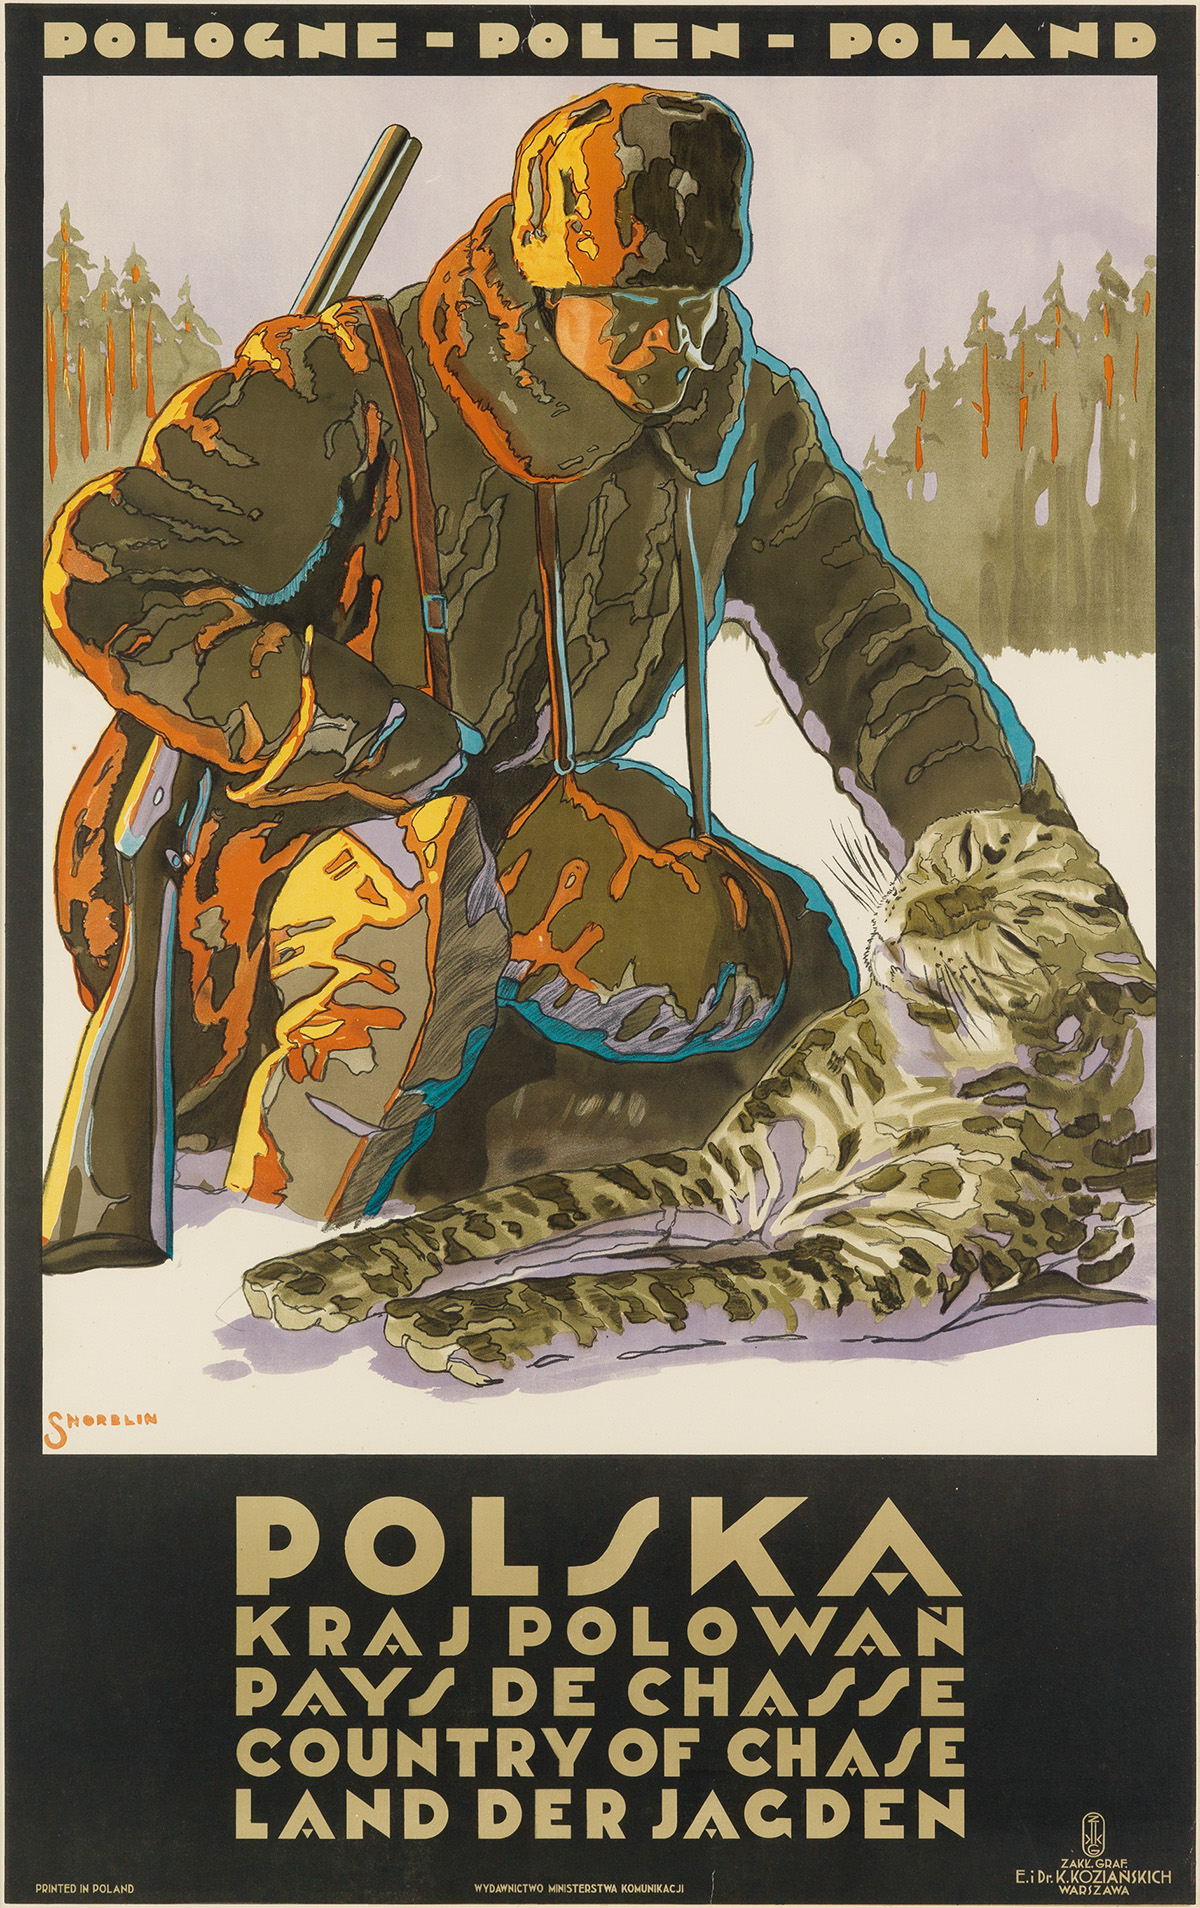 STEFAN-NORBLIN-(1892-1952)-POLSKA-Circa-1925-39x25-inches-99
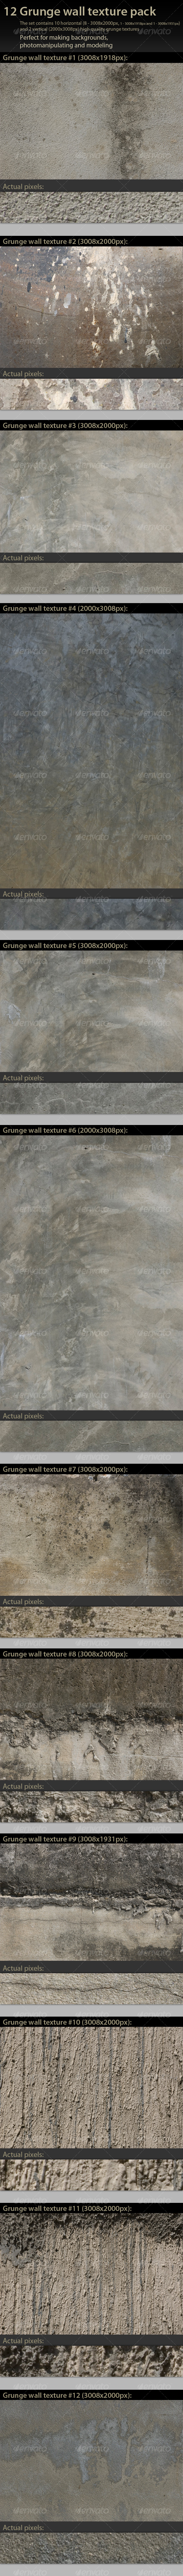 Grunge Wall Texture Pack - Industrial / Grunge Textures
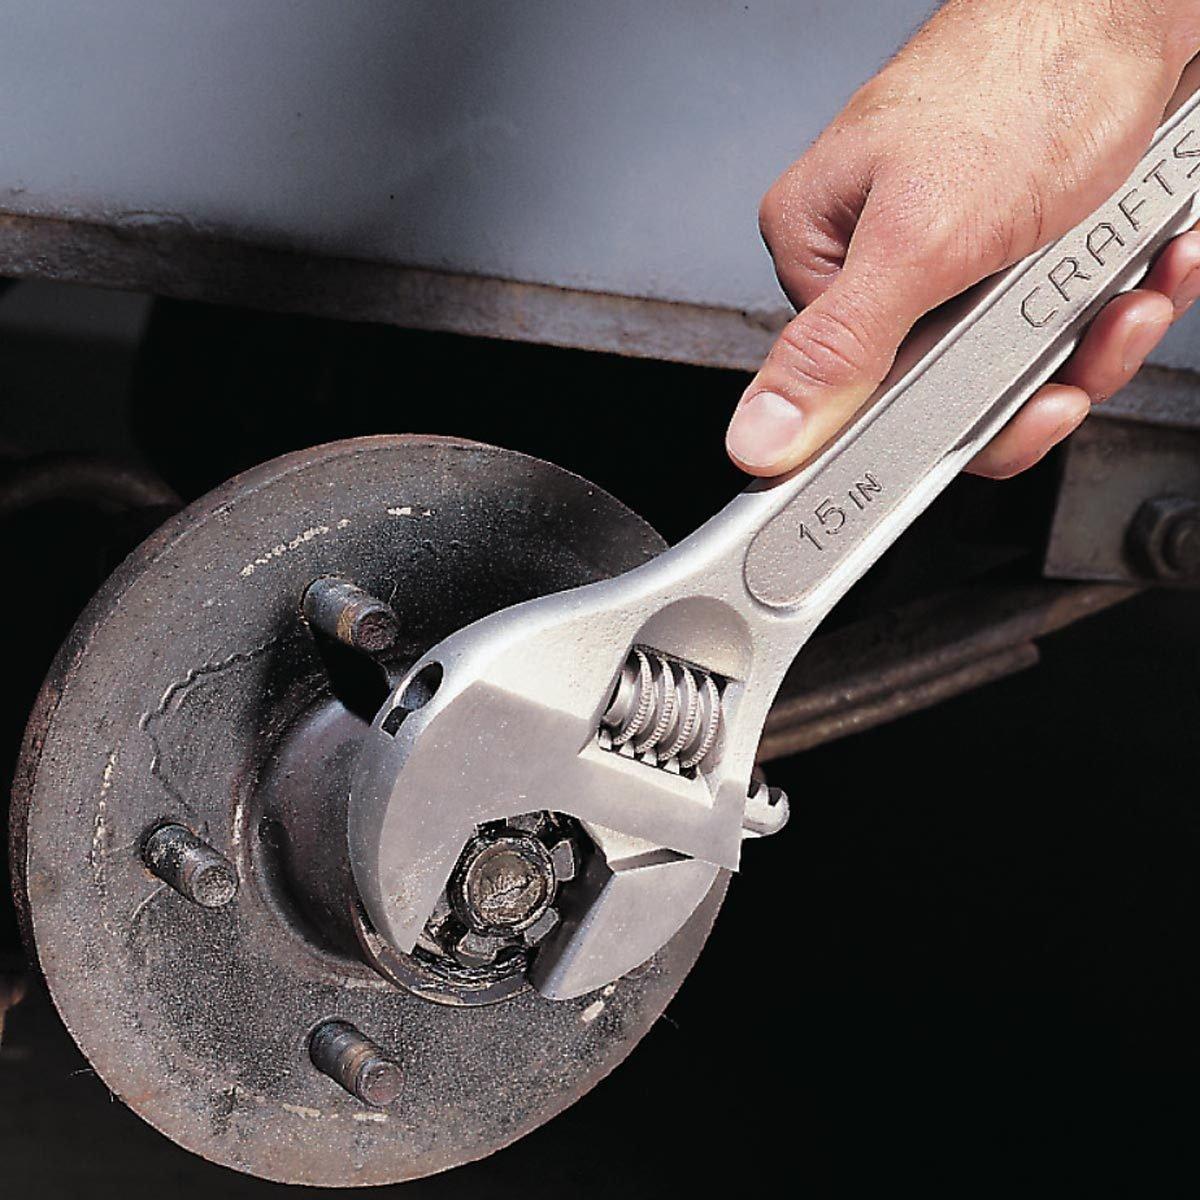 Repacking Trailer Wheel Bearings Family Handyman The Tracker Pontoon Boats Besides 4 Wire Wiring Harness Diagram Reassemble Hub

========================================

To do> Skipping any images, write out all the data exactly.

Response for this exercise>
 STEFAN-NORBLIN-(1892-1952)-POLSKA-Circa-1925-39x25-inches-99
 Grunge Wall Texture Pack - Industrial / Grunge Textures
 Repacking Trailer Wheel Bearings Family Handyman The Tracker Pontoon Boats Besides 4 Wire Wiring Harness Diagram Reassemble Hub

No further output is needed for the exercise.